I needed to be in Amsterdam around 1 o’clock from Paris. The Thalys train leaves from the Gare du Nord and takes just about three hours, city center to city center. Trains leave on time, travel at high speeds, have refreshments on board, and are clean and comfortable. (The latter in stark contrast to Gare du Nord itself.)

The train stops en route in Brussels. I was tempted to get off because I have not been there for a few years, but instead I continued through to Amsterdam. Upon arrival, it is clear and quick to get to a hotel. The only danger that you have is not spotting the bikes or the trams that seem to come at you from every which way.

Throughout the city, there were literally thousands of bikes in bike parks.
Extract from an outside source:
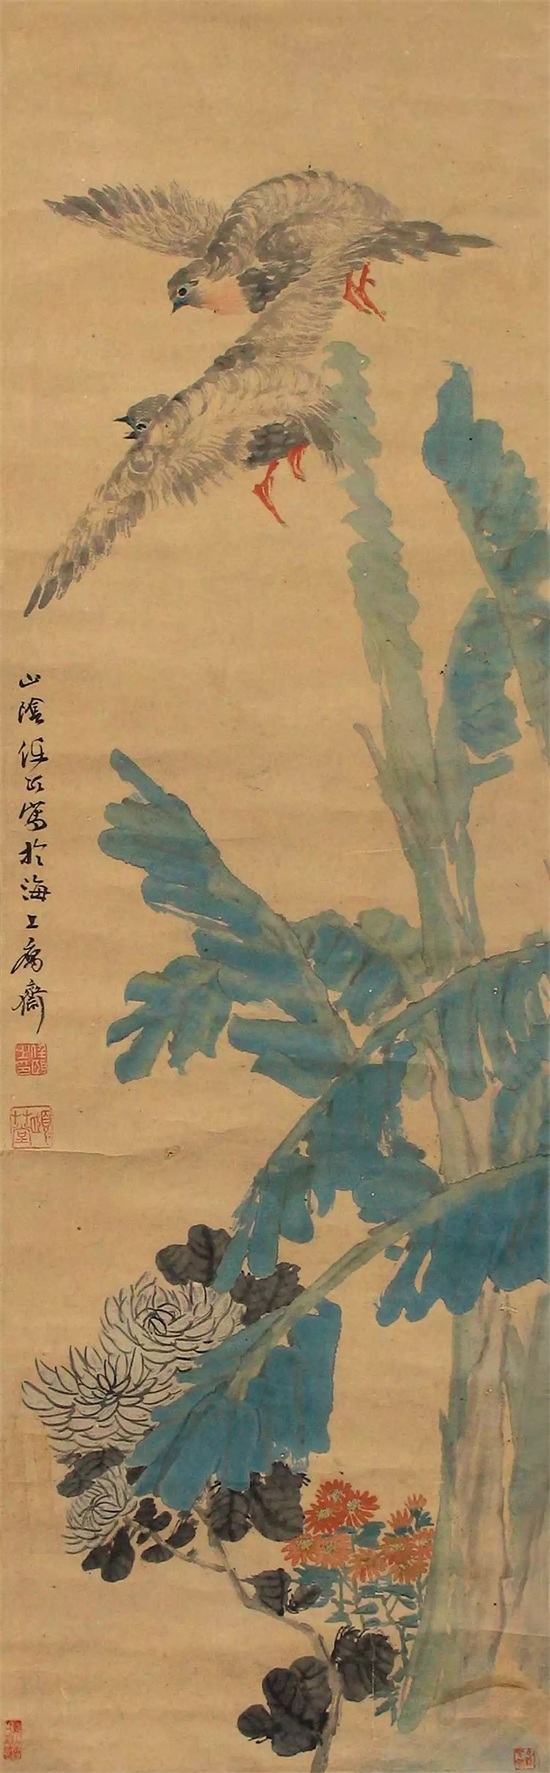 王雪涛: 任伯年是一个很独特的画家
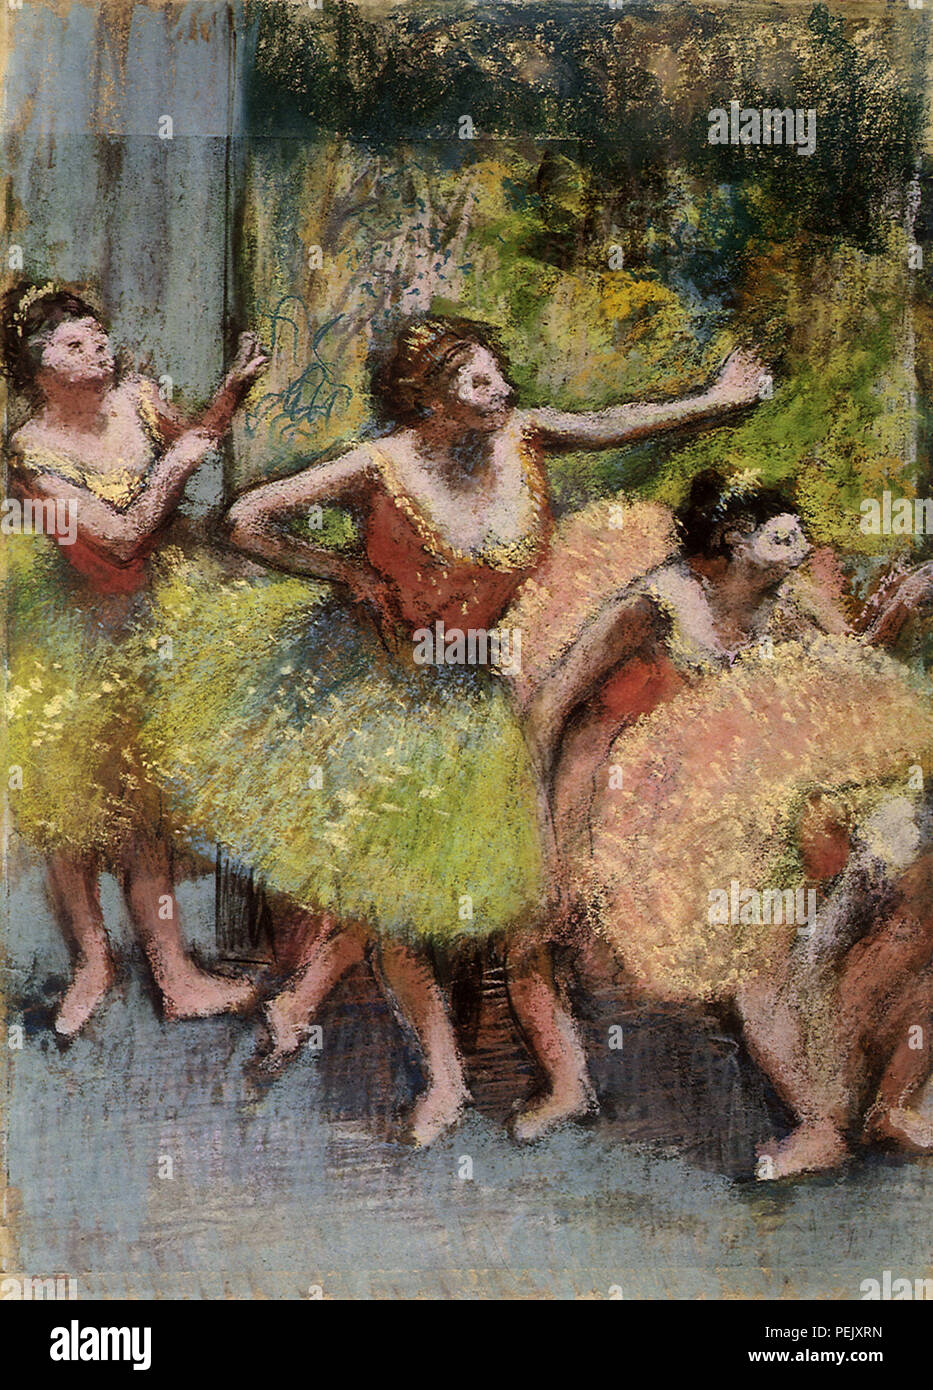 Ballerine in attesa immagini e fotografie stock ad alta risoluzione - Alamy

Everyone owns a bike here so I have no idea how anybody could possibly identify their bike. Apparently, the city allows bike parking for two years at which point the bikes are removed and sent to a bike pound where they can be bought by anybody for around 10 Euros.

Another thing about Amsterdam bikes is that they are all really basic and look second hand, nobody is going to steal them. People ride bikes while on the phone, they ride bikes with two kids sitting on the bike, with their dogs in a basket, there are fancy trailers for hauling stuff, and it all looks totally safe because the bike lanes are sacrosanct.

I have never in my whole life, and I include Beijing 20 years ago, seen so many bikes in one place. Never did I see a bike that looked like it cost more than 10 Euros either. This was the city to move around on bikes. You can rent them from tons of places but don’t look for helmets. They don’t exist!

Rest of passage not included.